KnigaRead.com/
KnigaRead.com » Разная литература » Военная история » Елена Сенявская - Психология войны в ХХ веке. Исторический опыт России

Елена Сенявская - Психология войны в ХХ веке. Исторический опыт России

На нашем сайте KnigaRead.com Вы можете абсолютно бесплатно читать книгу онлайн Елена Сенявская, "Психология войны в ХХ веке. Исторический опыт России" бесплатно, без регистрации.
Перейти на страницу:

Что касается младшего командного состава (унтер-офицеров в дореволюционной армии, сержантов и старшин в советской), то по своему положению он мало отличался от рядовых. Являясь промежуточным звеном между ними и офицерами, психологически он был гораздо ближе к первым. Положение среднего и старшего звена командного состава армии, особенности его функций, безусловно, выделяли эту категорию по большинству психологических характеристик.

Говоря о том, насколько сложнее психические условия деятельности командиров по сравнению с рядовыми бойцами, русский военный психолог Н. Головин отмечает, что чем выше поднимаешься вверх по иерархической лестнице военного командования, тем сильнее уменьшается личная опасность и физическая усталость, но зато многократно увеличивается моральная ответственность, которая лежит на плечах начальника[263]. О том же свидетельствует в своей книге «Душа армии» и генерал П. Н. Краснов: «Чувство страха рядового бойца отличается от чувства страха начальника, руководящего боем. И страх начальника, лично руководящего в непосредственной близости от неприятеля боем, отличается от страха начальника, издали, часто вне сферы физической опасности управляющего боем. Разная у них и усталость. Если солдат… устает до полного изнеможения физически, то начальник… не испытывая такой физической усталости, устает морально от страшного напряжения внимания»[264].
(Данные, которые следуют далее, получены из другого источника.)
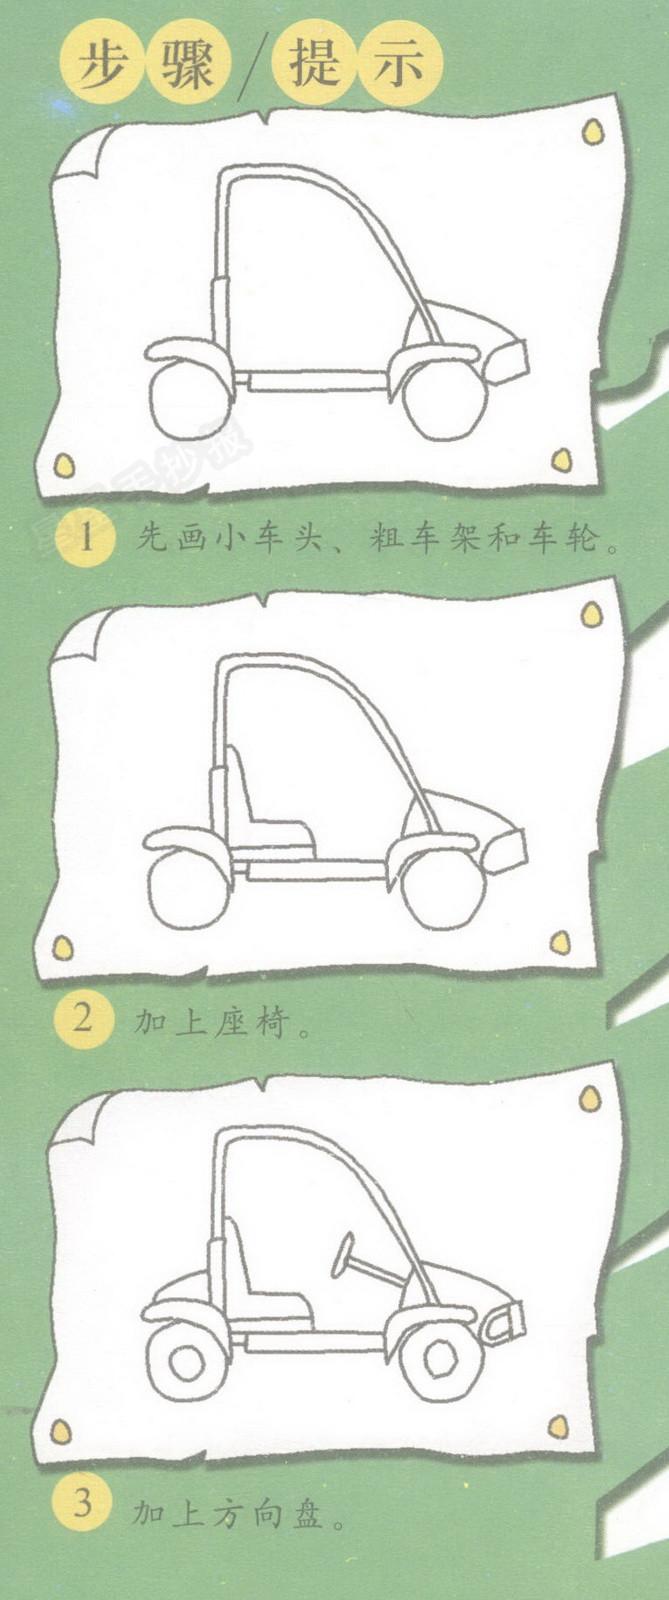 卡丁车简笔画

Далее он подробно анализирует различия в переживаниях старших и младших начальников в армии. «У младших, там, впереди, эти переживания перебиваются явной телесной опасностью». Враг видим. Младший командир сам находится под огнем, под пулями, его обязанность — идти вперед самому и заставить идти вперед подчиненных, «победить или умереть». «Внизу, „на фронте“ — душевные переживания притуплены усталостью тела, голодом, плохими ночлегами, непогодою, видом раненых и убитых. Человек работает в неполном сознании, часто не отдавая себе отчета в том, что он делает. Наверху, „в штабах“ — известный комфорт домов, наблюдательных пунктов с блиндажами, налаженная жизнь, сытная, вовремя еда, постель и крыша, — но все это не только не ослабляет, но усиливает по сравнению с войсками душевные переживания начальника»[265].

Что же это за переживания? Ведь «непосредственная опасность для жизни далеко», неприятеля не видно. Едва слышна, да и то не всегда, канонада — отдаленная «музыка боя», а в самом штабе — тишина, «суетливое перебирание бумаг». Но зато куда больше информации о характере и ходе боевых действий, иная, более высокая «точка обзора», понимание обстановки, ответственность за огромные массы людей, за ход операции в целом. «Снизу» докладывают о потерях, о гибели офицеров, о нехватке боеприпасов, об усталости войск, о невозможности продвигаться вперед. «Сверху» присылают приказы с требованием наступать во что бы то ни стало, часто сопровождая их напоминанием об ответственности и долге, упреками, угрозами и даже оскорблениями… «На душу грозной тяжестью ложится смерть многих людей, часто близких, дорогих, с которыми связан долгою совместною службою, которых полюбил. И та же душа трепещет за исход боя. Неудача, поражение, отход, крушение лягут тягчайшим позором на все прошлое, смоют труды, старания и подвиги долгих лет. Драма старшего начальника с душою чуткой, не эгоистичною — необычайно глубока»[266], — делает вывод П. Н. Краснов. И особо подчеркивает, что высокая должность в армии требует понимания «души строя», чтобы «сытый понял голодного», чтобы распоряжения и приказы войскам не требовали от них невозможного, делая поправку на человеческую усталость.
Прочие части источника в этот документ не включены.